使用 html.parser,会显示一条警告消息。使用 html5lib,包含 XML 版本信息的第一个文本行会被注释掉,并且文档的其余部分将被解析,就像它是 HTML 文档一样。

With html.parser, a warning message is displayed. With html5lib, the fist line which contains XML version information is commented and rest of the document is parsed as if it is a HTML document.
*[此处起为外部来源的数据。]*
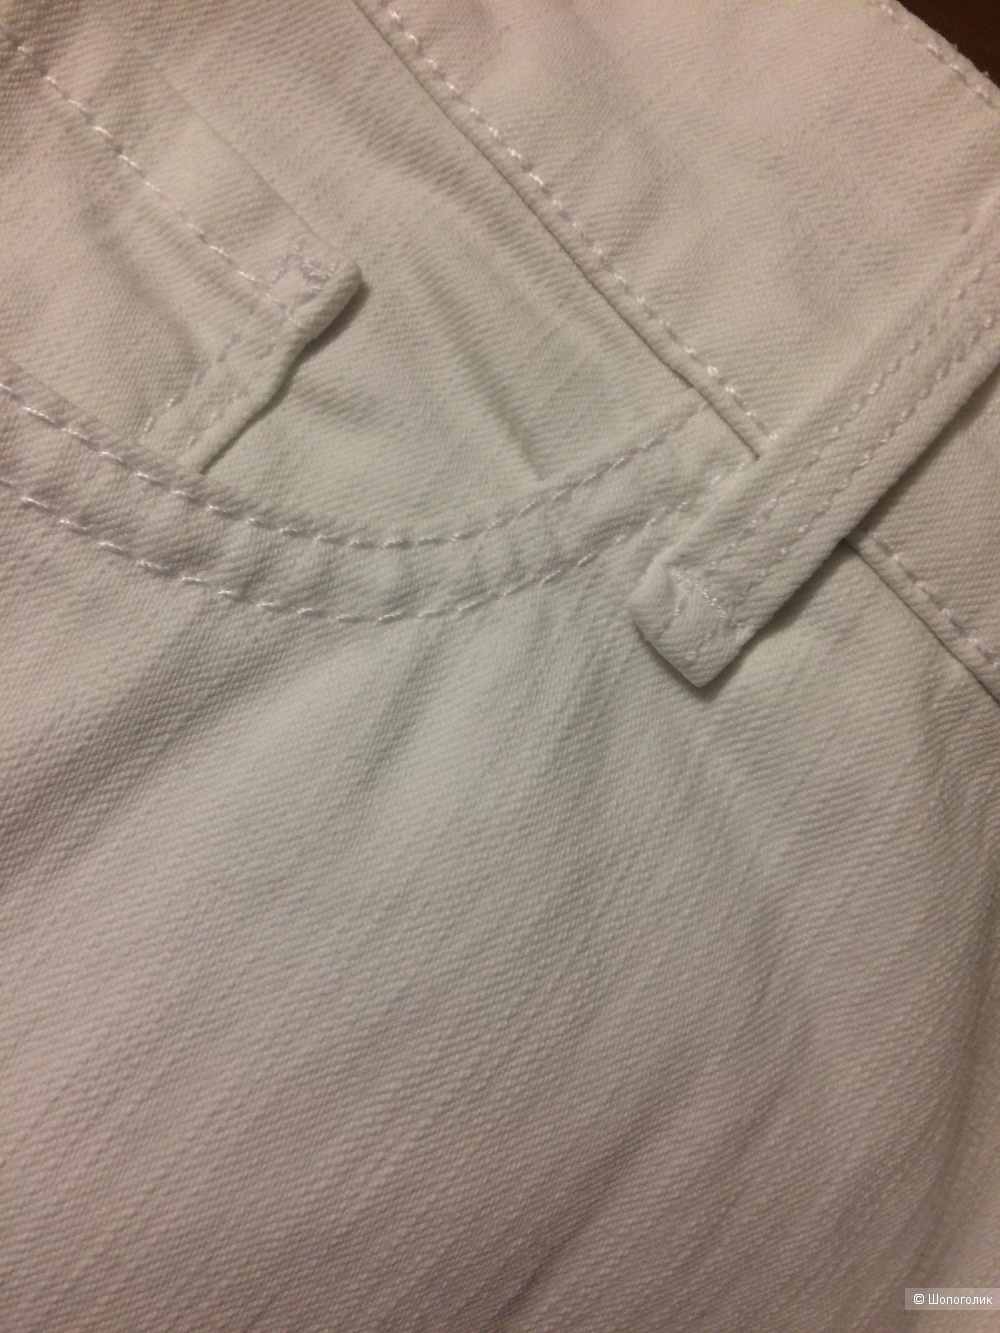 Белые джинсы GARDEUR, размер 48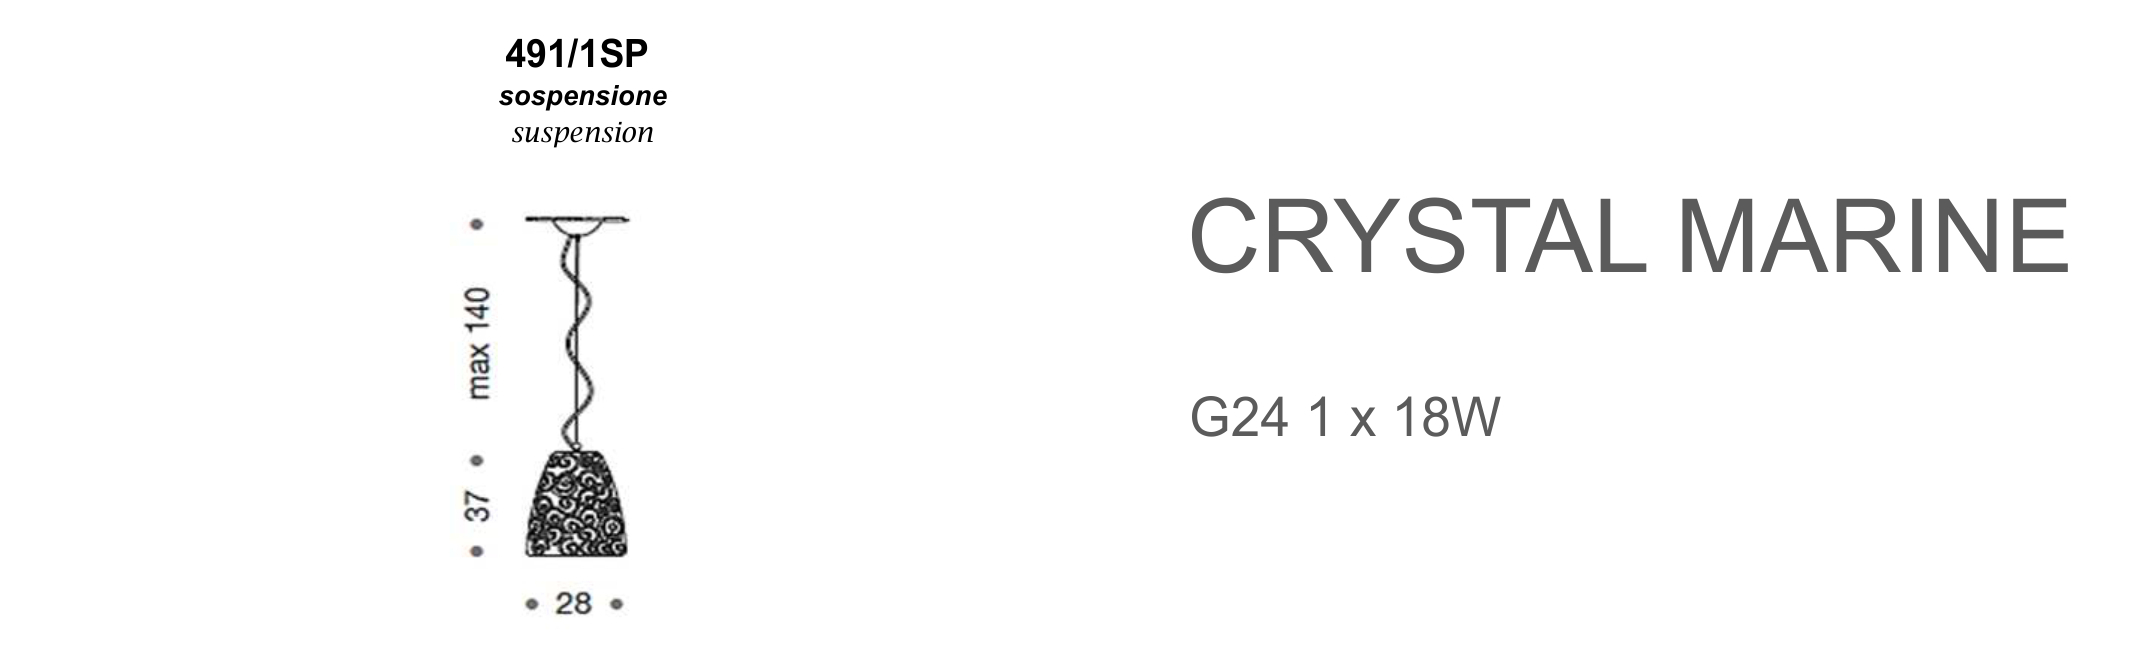 Crystal Marine 491/1SP

Trying to parse your markup with html5lib
Here's what html5lib did with the markup:
<!--?xml version="1.0" ?-->
<html>
   <head>
   </head>
   <body>
      <books>
         <book>
            <title>
               Python
            </title>
            <author>
               TutorialsPoint
            </author>
            <price>
               400
            </price>
         </book>
      </books>
   </body>
</html>

lxml html 解析器不会插入注释,而是将其解析为 HTML。

The lxml html parser doesn’t insert the comment, but parses it as HTML.

Trying to parse your markup with lxml
Here's what lxml did with the markup:
<?xml version="1.0" ?>
<html>
   <body>
      <books>
         <book>
            <title>
               Python
            </title>
            <author>
               TutorialsPoint
            </author>
            <price>
               400
            </price>
         </book>
      </books>
   </body>
</html>

lxml-xml 解析器将文档解析为 XML。

The lxml-xml parser parses the document as XML.

Trying to parse your markup with lxml-xml
Here's what lxml-xml did with the markup:
<?xml version="1.0" encoding="utf-8"?>
<?xml version="1.0" ?>
   <books>
      <book>
         <title>
            Python
         </title>
         <author>
            TutorialsPoint
         </author>
         <price>
            400
         </price>
      </book>
   </books>

诊断报告可能被证明对查找 HTML/XML 文档中的错误很有用。

The diagnostics report may prove to be useful in finding errors in HTML/XML documents.